Multinationales dans le banc des accusés
Alors que les projecteurs sont tournés vers Driss Jettou qui a demandé un délai supplémentaire pour venir à bout des 800 documents et 65 pv d’audition des inspecteurs de l’intérieur et des finances, voilà le discours royal devant le parlement qui enfonce le clou et « sonne le glas plus que jamais de l’impunité ».
Dans la foulée, le nouveau président du parquet général M’hamed Abdennabaoui vient d’adresser ses directives à ses équipes pour inscrire la corruption, le détournement des fonds publics dans leurs priorités…
Sur le terrain, les choses sont moins faciles à mettre en œuvre.
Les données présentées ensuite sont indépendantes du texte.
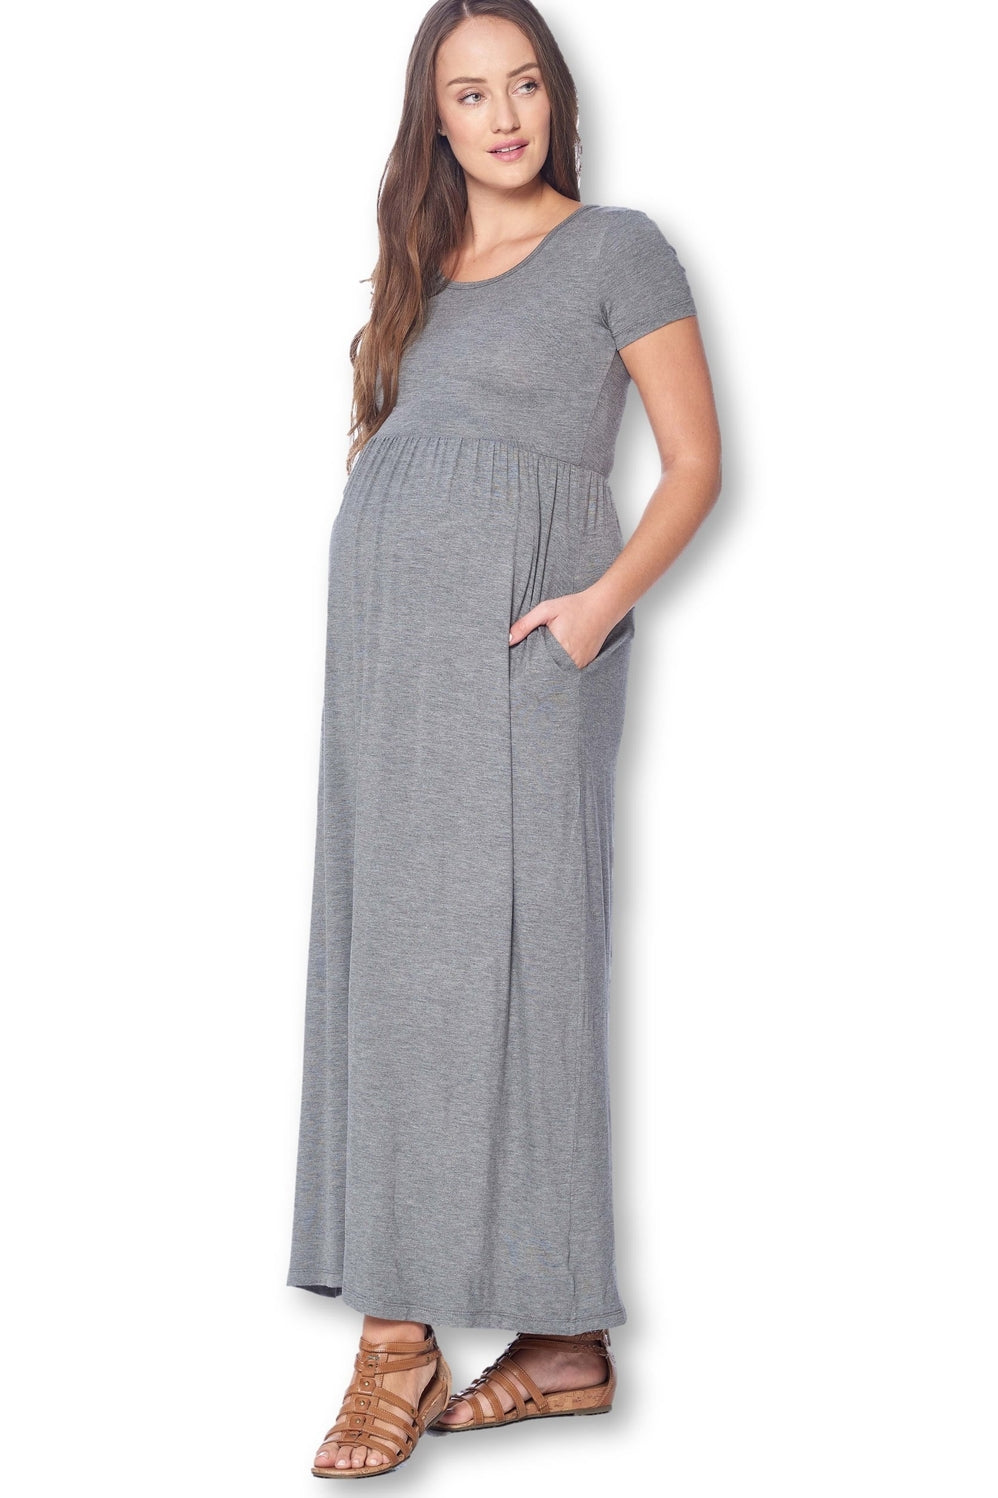 Made in USA - Charcoal Short Sleeve Loose Maternity Dress
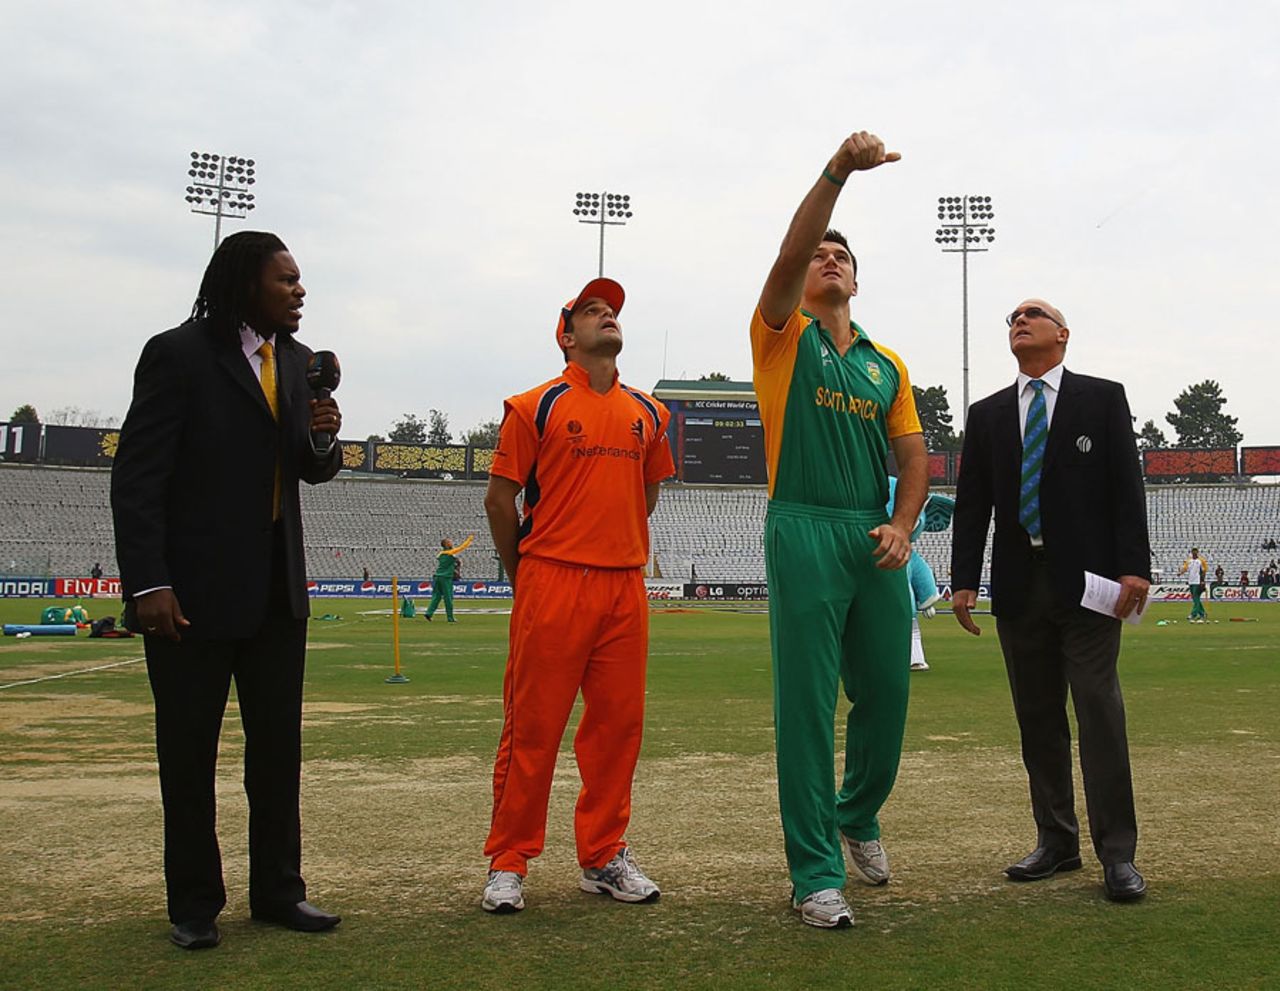 Peter Borren called right and decided to field in Mohali, Netherlands v South Africa, World Cup 2011, Mohali, March 3, 2011

On ne tire pas un trait en quelques jours sur des décennies de corruption qui structurent quoiqu’on en dise les réflexes du plus grand nombre des agents publics.
Ad Augusta per Angusta ? Bien sûr, la tâche n’est pas aisée mais avec un chef de l’Etat en personne comme donneur d’ordre de la lutte contre la corruption, l’espoir reste permis.
Ce qui rend la tâche d’un Jettou un peu plus compliquée, c’est que les acteurs de la prévarication ne sont pas toujours là où on les attend le plus. La lutte contre la dilapidation des deniers publics serait nulle, pas à la hauteur des enjeux, si elle reste oublieuse des vrais sujets : or le vrai sujet aujourd’hui, ce sont ces gros chantiers qui brassent des milliards de DHS et qui sont confiés à des multinationales aux agissements opaques et aux ramifications douteuses.
Sur cette question, l’ONG ATTAC CADTM Maroc vient de lancer un appel « pour démanteler le pouvoir des multinationales et mettre fin à leur impunité » à l’occasion de la réunion du Groupe de travail intergouvernemental à composition non limitée sur les sociétés transnationales qui se tiendra du 23 au 27 octobre 2017 à Genève.
L’ONG évoque « le partenariat public-privé qui offre des grands chantiers capitalistiques dans plusieurs secteurs dont par exemple celui de l’énergie (Centrale à charbon de Jorf Lasfar, Centrale au gaz de Tahaddart, Projet éolien de Koudia El baida) », elle aurait gagné à soulever deux questions majeures : celle de l’efficacité de multinationales qu’on préfère aux entreprises locales pour des motifs inavouables.
Exemple type, la multinationale Archirodon est un véritable cas d’école dans ce sens. Voilà une société sortie de on ne sait où (grecque à l’origine) qui traine des casseroles à l’Ile Maurice (où la construction d’un port a fait les choux gras de la chronique judiciaire locale) ou encore à Abou Dhabi où l’entreprise a été mise à la porte parce qu’elle n’a pas réussi à mener à terme la construction du pont d’Abou Dhabi qui lui avait été arraché avant d’être confié à la Six Construct, filiale de la multinationale BESIX. Le retard avait dépassé les trois ans !
Ce qui n’a pas empêché la boite de débarquer au Maroc et de décrocher le marché juteux de construction de l’émissaire de Jorf Lasfar en 2013 pour la coquette somme de 60 millions de DHS qui seront revus à la hausse. La société a pourtant empoché plusieurs gros chèques alors que le travail n’a pas été mené à bien et que l’émissaire a explosé à quelques centaines de mètres du rivage.
Juste après, Archirodon qui normalement devrait payer des dommages et intérêts à l’OCP va mettre la main sur le projet d’extension et de réhabilitation du port de Jorf Lasfar. Ce marché décroché d’un montant de 240 millions de $ qui devait être livré en 2015 a pourtant fait l’objet d’une sévère mise en demeure par les maitres d’ouvrages OCP et ONEE qui avaient constaté plusieurs anomalies. Malgré cela et malgré l’argent empoché, à l’heure actuelle, les travaux n’ont pas encore été achevés.
Cerise sur le gâteau, la société dont la filiale est gérée par un Egyptien est en train de se positionner pour rafler le projet de construction du port de Laayoune malgré les conclusions négatives et le niet catégorique du cabinet international indépendant d'ingénierie et de gestion de projets mandaté par l’Ocp pour donner son avis sur les sociétés adjudicatrices.
D’où la question qui se pose avec insistance, qui couvre cette société et pour quelles obscures raisons ?
On se demande encore comment on continue à confier des projets à cette entreprise même si elle aligne des performances médiocres dans le maintien des normes de qualité et l'échec de l'exécution des chantiers à temps.
Un dernier mot, comme le disait si bien Machiavel, la fortuna ( la chance objective d’être au bon endroit et au bon moment) n’empêche pas la virtu ( la rigueur et le savoir gouverner).